MIRABELLO SANNITICO - Se l’essenza dello sport è il gioco, e se gli interpreti per eccellenza sono i bambini, allora lo sport deve essere giocato dai bambini.
E’ con questo semplice assioma che la Virtus ha portato l’atletica in piazza vestendola dei colori giallo blu ed abbellendola con gli occhi ed i sorrisi dei ragazzi, oltre un centinaio, che sono accorsi a Mirabello per partecipare alla decima edizione di “Mirabellandia”.
Una splendida giornata estiva ha fatto da cornice alle gare, che si sono susseguite con il ritmo incalzante di un treno lanciato in corsa ed alimentato dalla gioia e dalla vitalità dei piccoli protagonisti.
Sono stati loro, ancora una volta, gli artefici di uno spettacolo più unico che raro nella piccola realtà molisana. Da Termoli a San Severo sono giunti per condividere con i coetanei mirabellesi e virtusini un momento di festa celebrato cimentandosi in gare di velocità, lanci, mezzofondo e marcia.
Gli ingredienti per una giornata indimenticabile c’erano tutti, e mescolati secondo la ricetta ormai collaudata, hanno dato vita ad una prelibatezza ogni anno splendidamente uguale, ogni anno piacevolmente diversa.
Nella piazza del paese, intitolata a Vittorio Verdone, è stata disegnata la pista su cui si sono svolte le gare di velocità dei 50 metri piani e dei 50 metri con ostacoli.

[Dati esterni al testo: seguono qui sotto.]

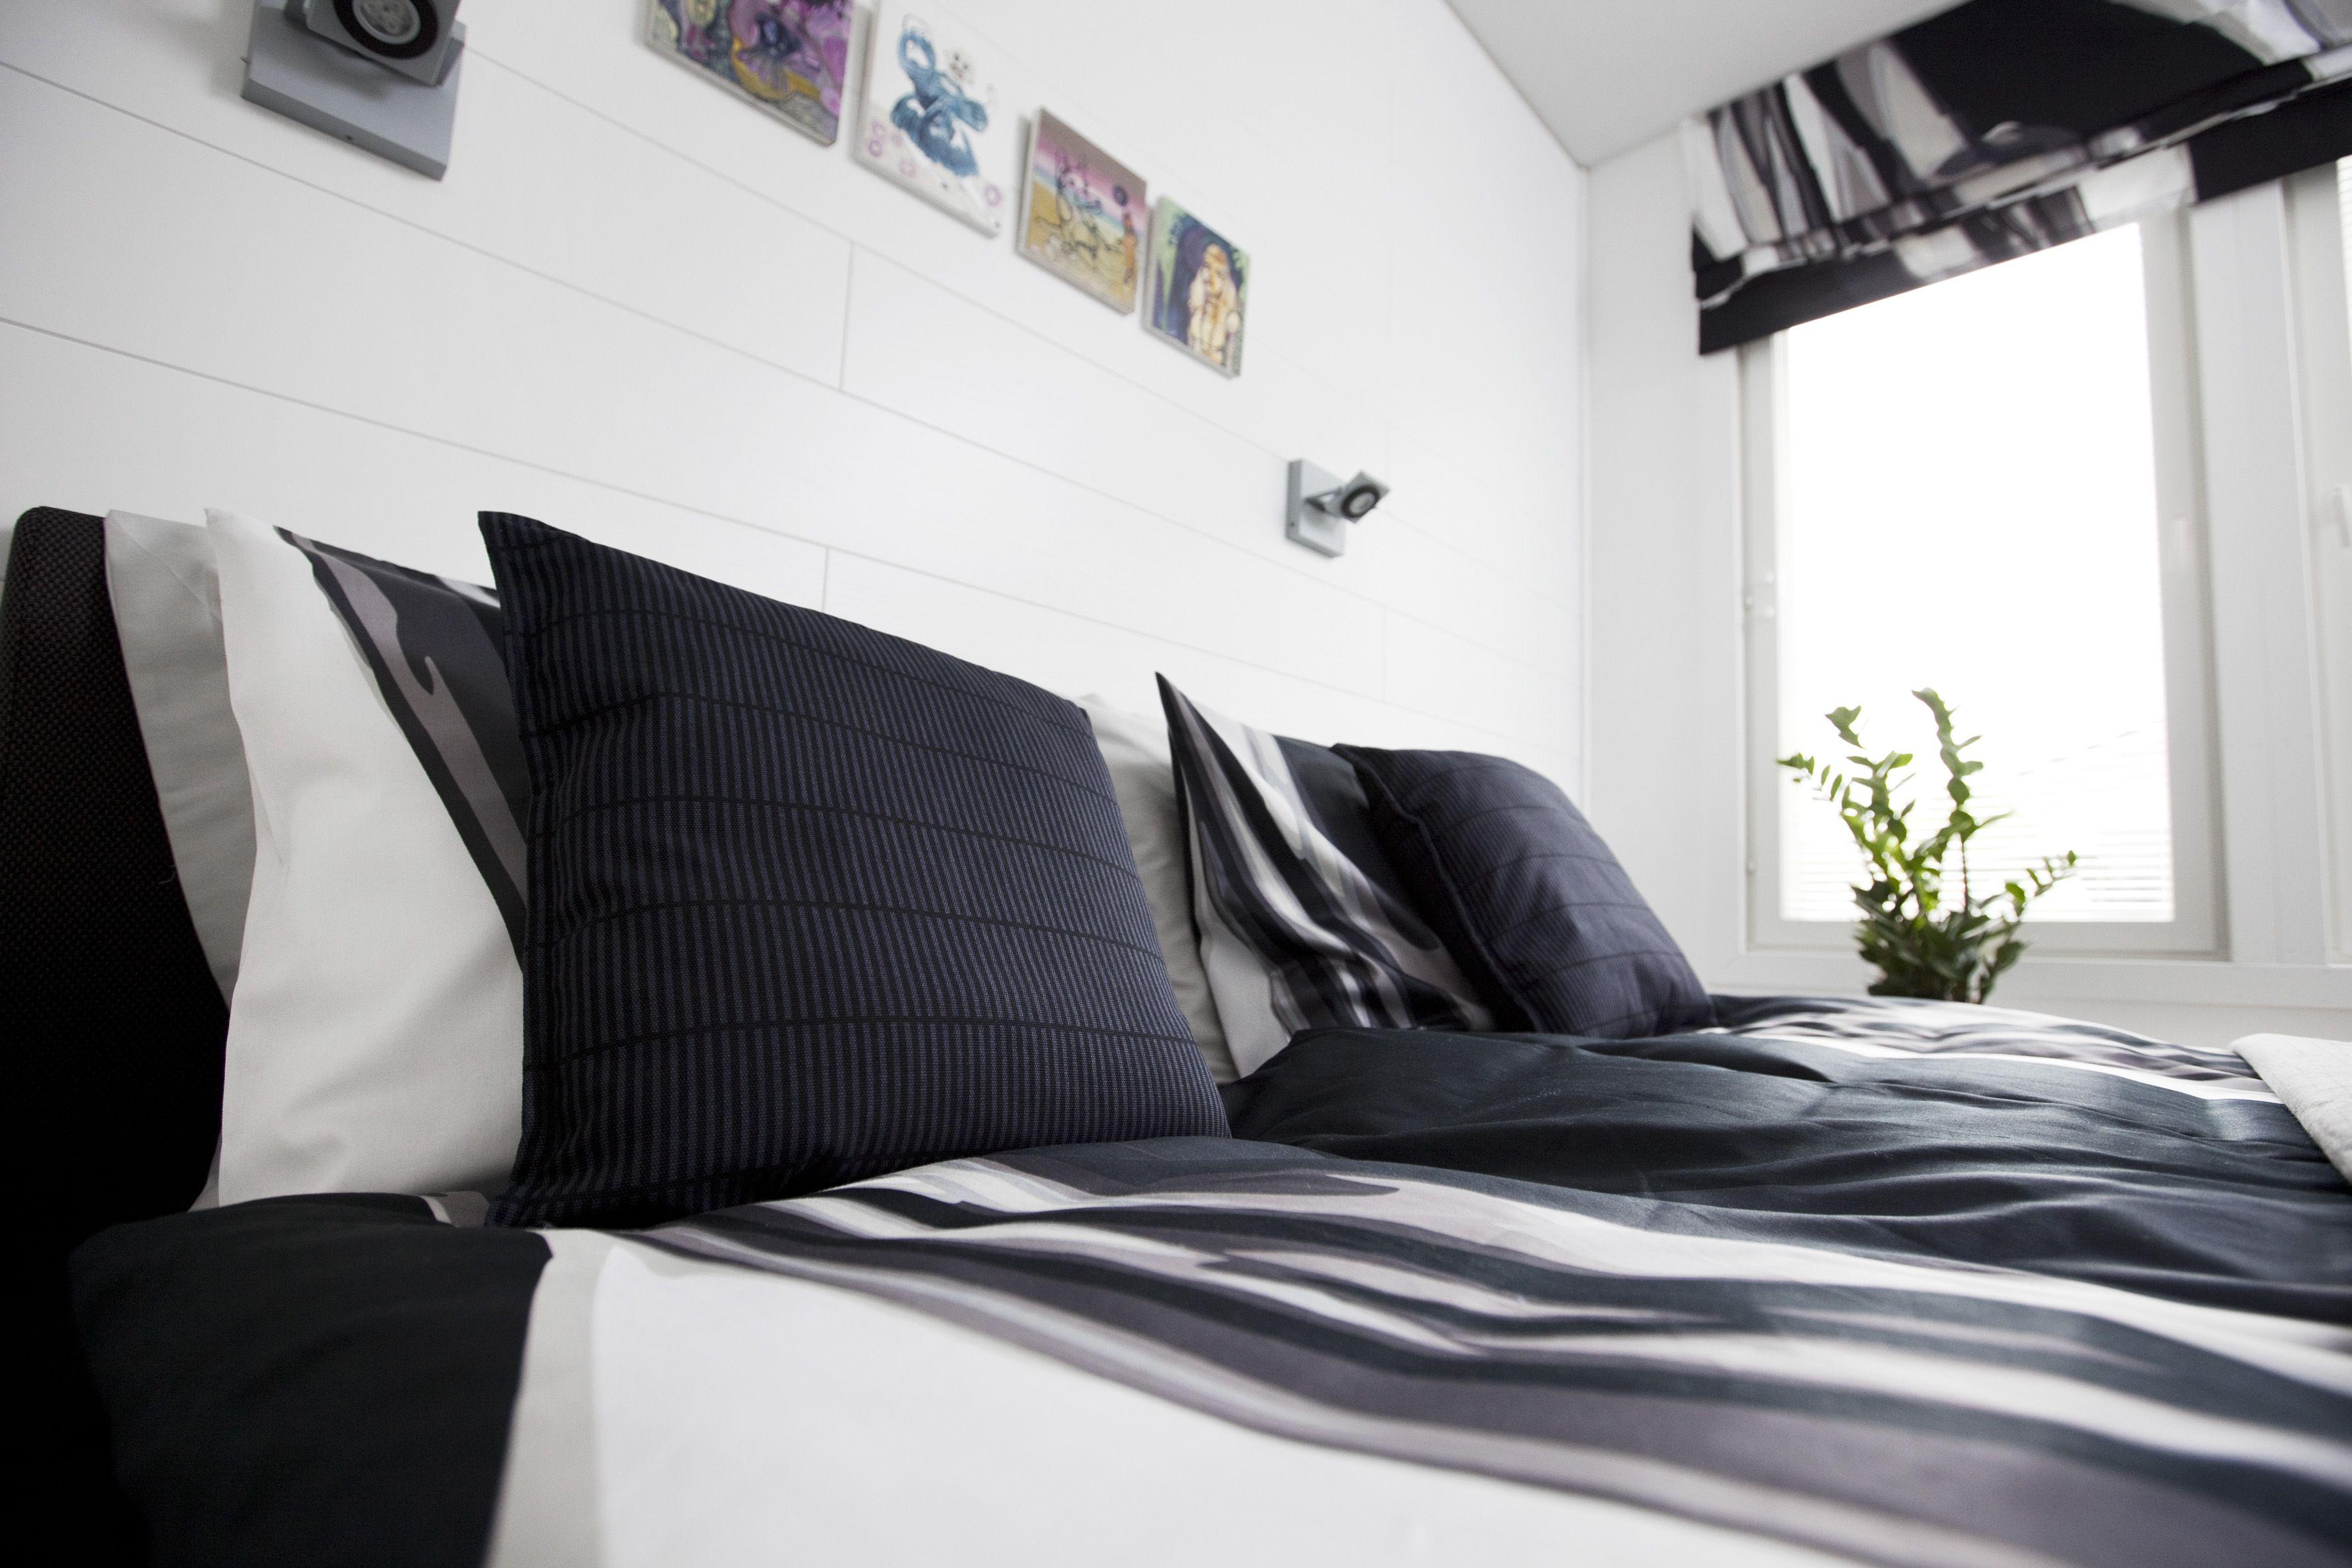 Finlayson Loitsu satin bed linen set I Loitsu-satiinipussilakanasetti 59 €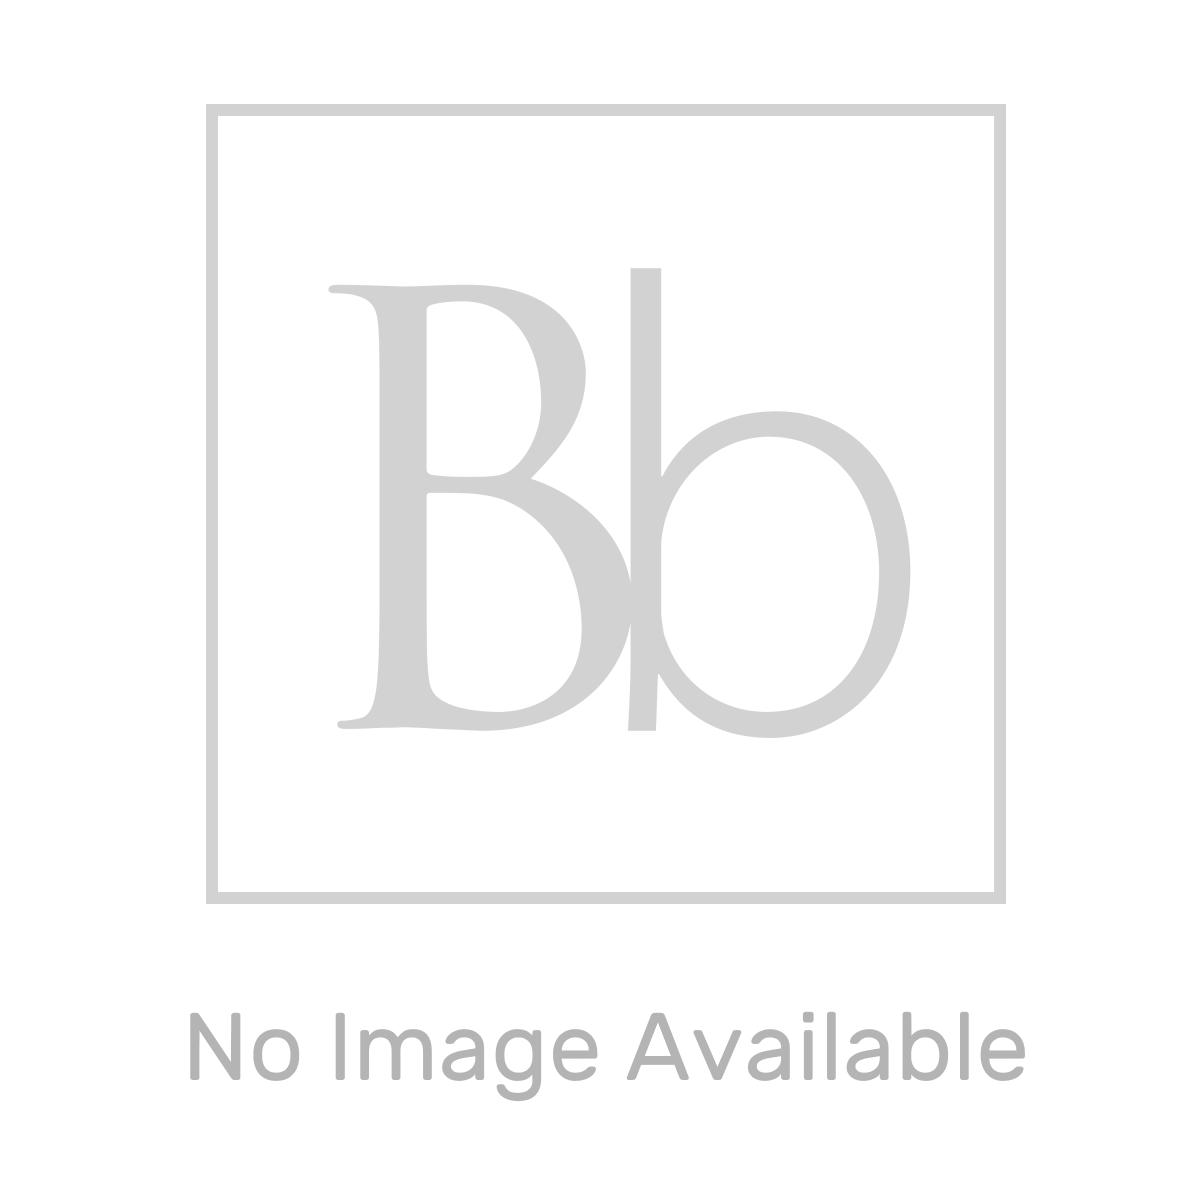 BTL Volta White Gloss Wood Effect End Bath Panel 700mm

Le numerose batterie hanno dato a tutti la possibilità di rendersi protagonisti, e mentre venivano composte le successive finali pescando tra i più bravi, prendevano il via le gare di vortex e di sprint in salita.
Le finali di velocità hanno consacrato i più veloci, ma non c’è stato tempo per prendere fiato. Ai nastri di partenza i mezzofondisti sulla distanza dei metri 1200. I meno esperti partono forte e vivono il loro momento di gloria per poi sfilare inevitabilmente nelle retrovie. Lì trovano però il sostegno dei compagni di squadra e del pubblico di Mirabello, come al solito competente e caloroso.
La staffetta chiude la manifestazione, e vede i ragazzi cimentarsi in frazioni miste di marcia e corsa. Il gesto tecnico dei marciatori non è dei migliori, ma denota un accenno di confidenza maturato nel corso delle precedenti edizioni. Le urla di incitamento si moltiplicano, e la felicità dipinta sui visi della staffetta vincitrice non offusca quella di chi, arrivato in coda, ha condiviso con i compagni di squadra l’esperienza della forza del gruppo per il raggiungimento dell’obiettivo comune. Lo sport è scuola di vita e la Virtus, da oltre cinquant’anni, ne è maestra.
Al termine premi speciali ai vincitori che si sono fregiati del titolo de “Il più Veloce”, “Il più Forte” e “Il più Resistente” di Mirabello, ed una medaglia a tutti i partecipanti, ricordo di una giornata vissuta nel segno di ciò che di più bello c’è nello sport: il gioco.